**EXERCISE PROMPT**
With every picture left out, restate the listing below exactly as written.

**RECORDED DATA**
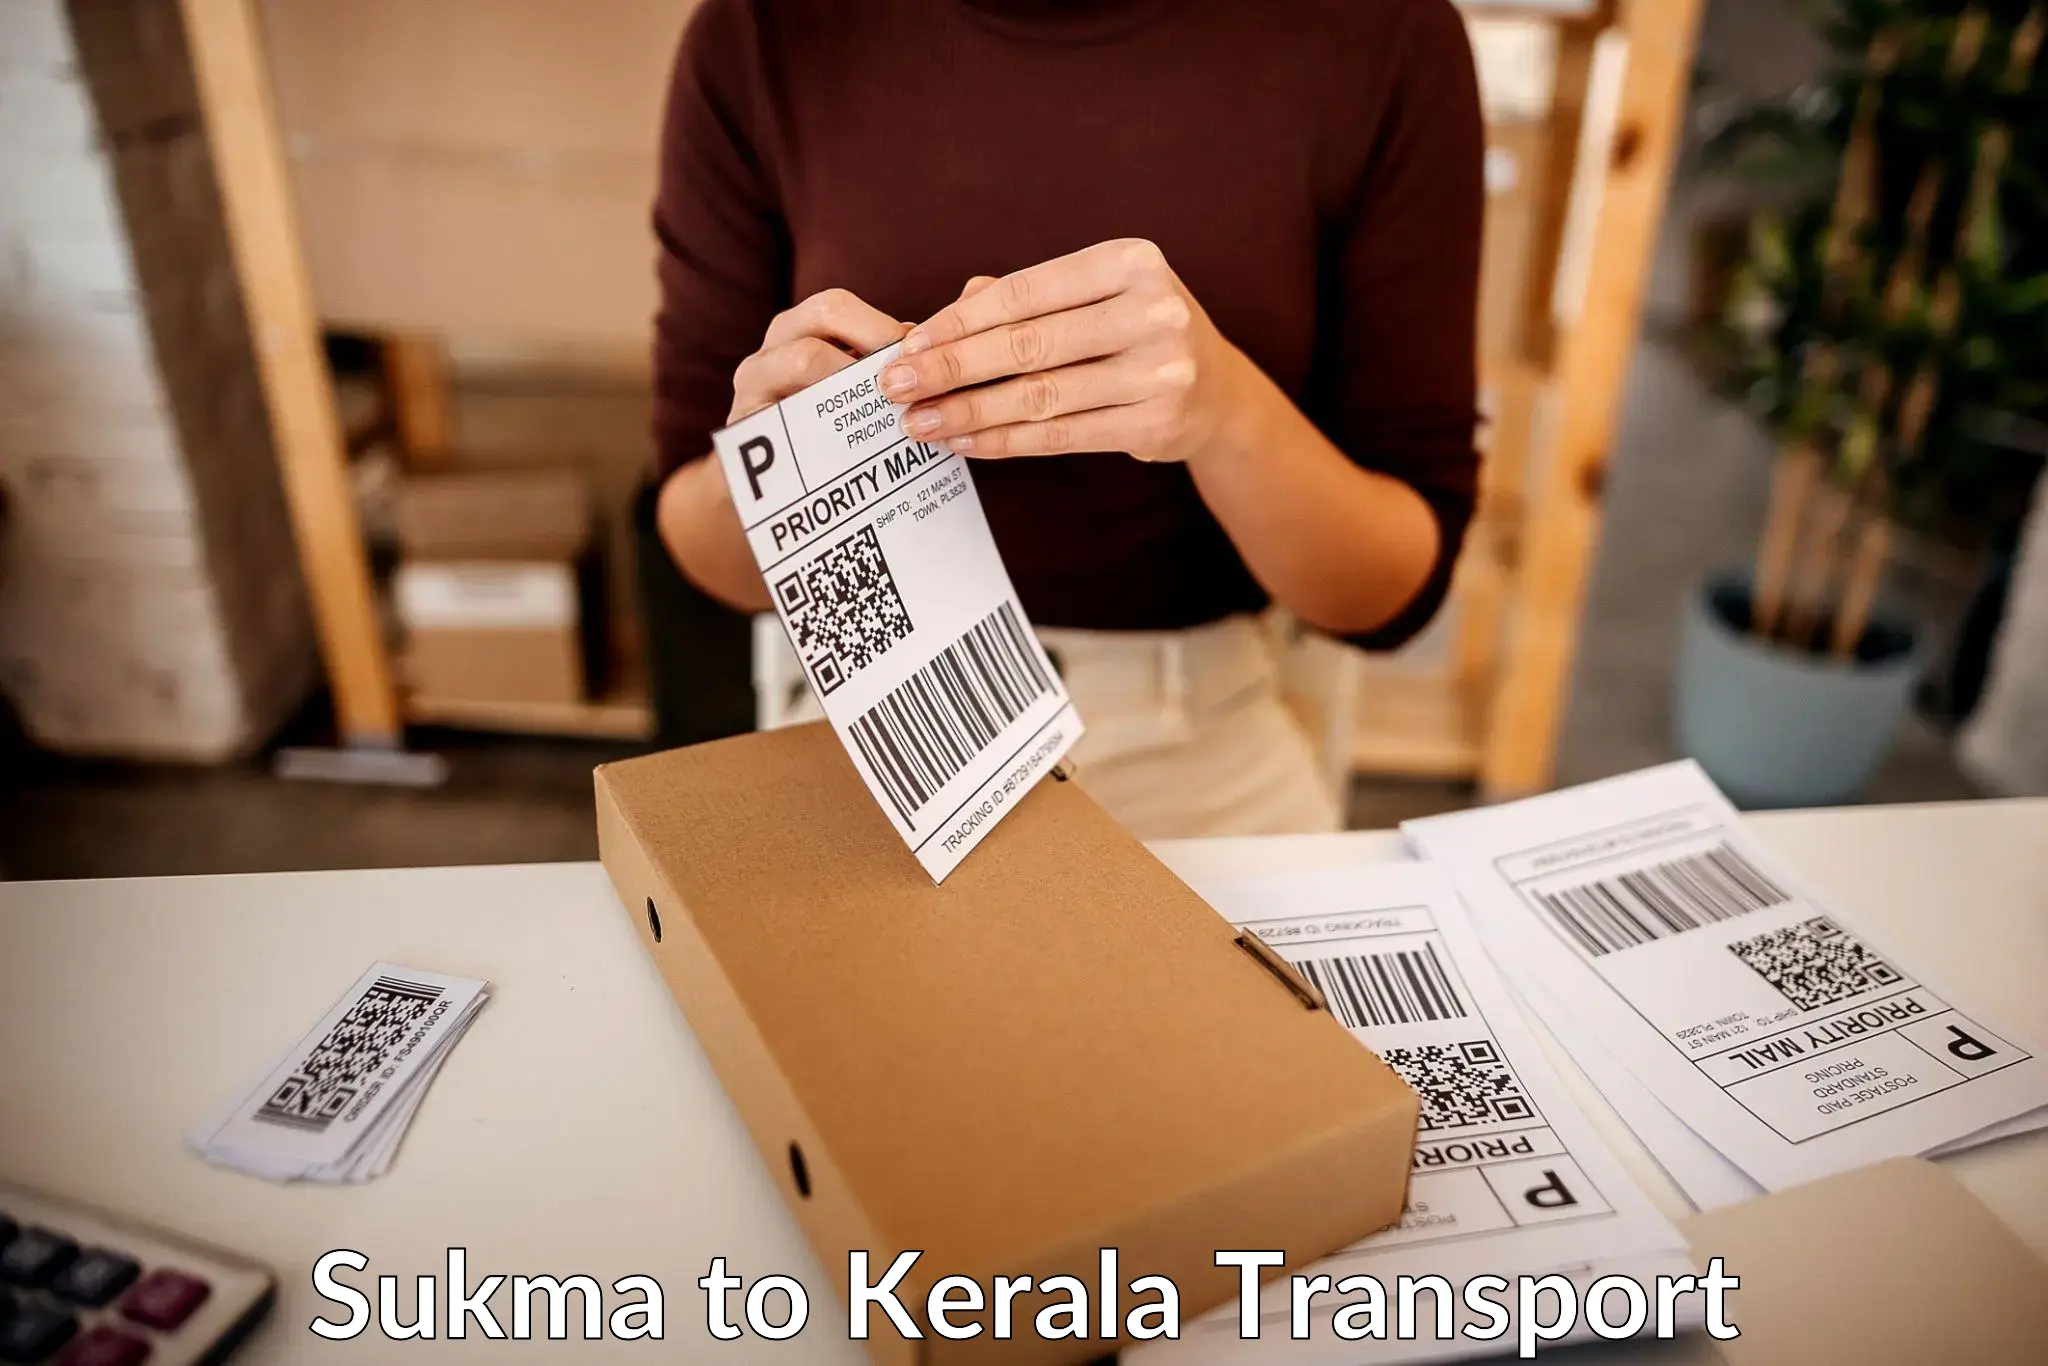 Transport in sharing Sukma to Palakkad
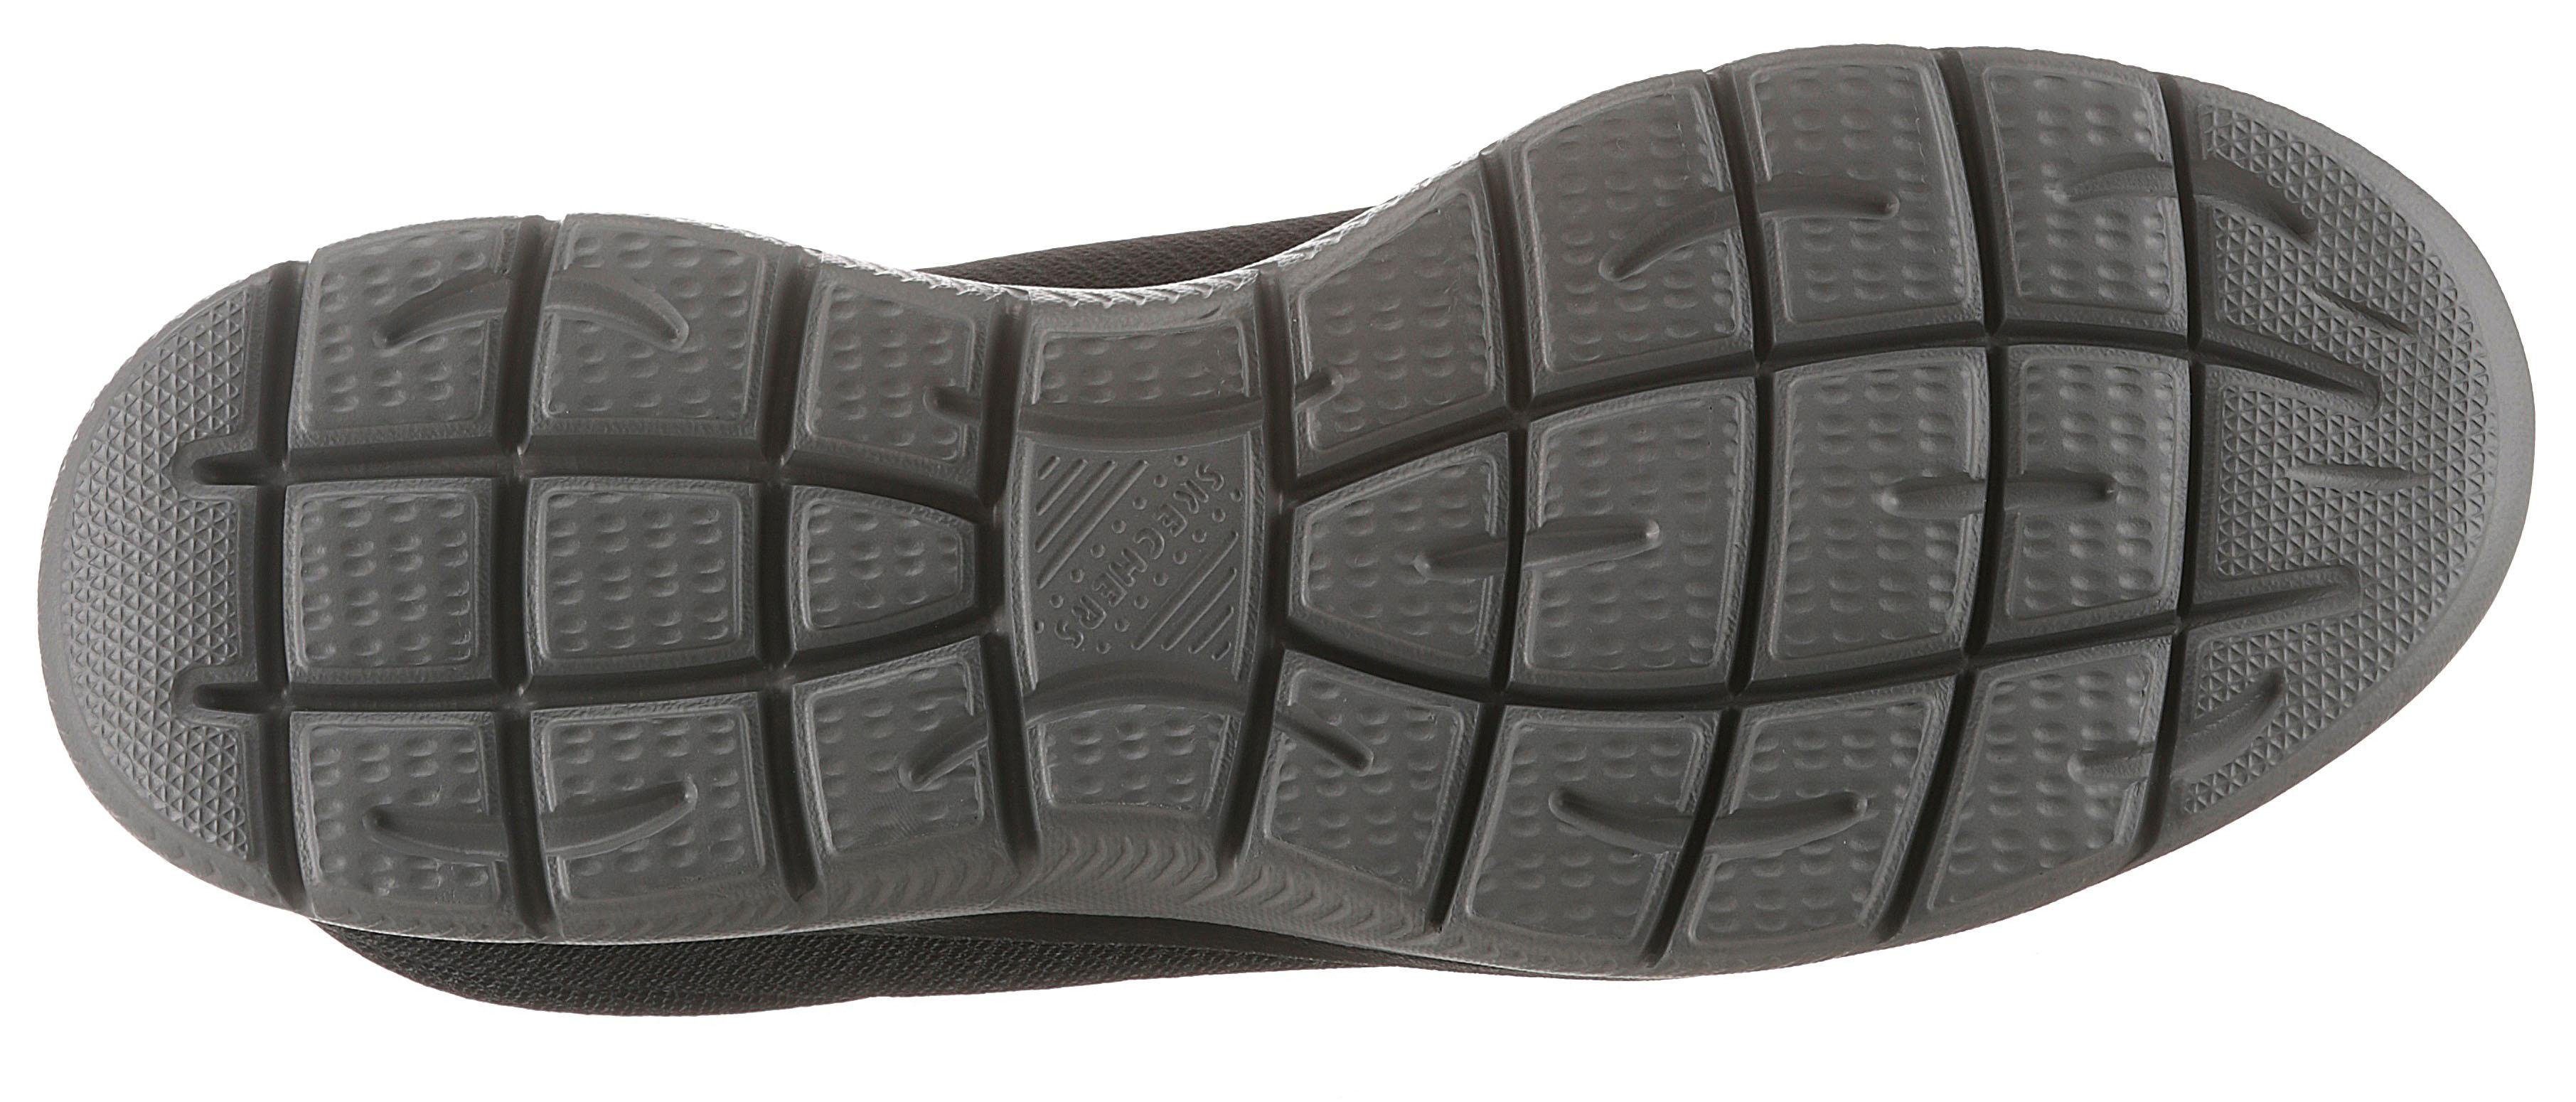 Sneaker mit Slip-On komfortabler black/charcoal Memory Foam-Ausstattung Summits Skechers
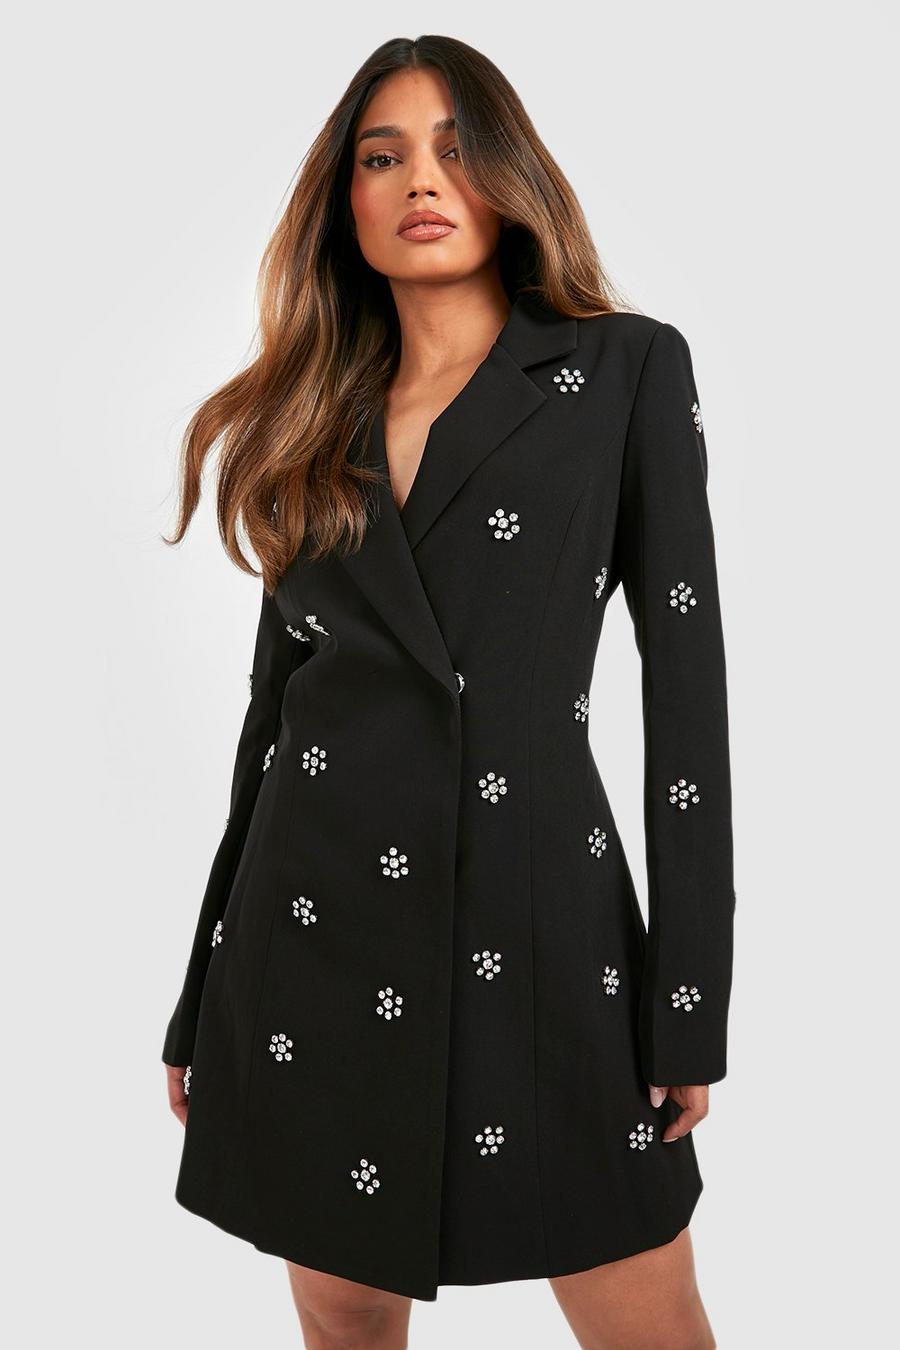 Black Daisy Crystal Embellished Tailored Blazer Dress for image number 1

**EXERCISE RESPONSE**
 Transport in sharing Sukma to Palakkad
 Sneaker mit Slip-On komfortabler black/charcoal Memory Foam-Ausstattung Summits Skechers
 Black Daisy Crystal Embellished Tailored Blazer Dress for image number 1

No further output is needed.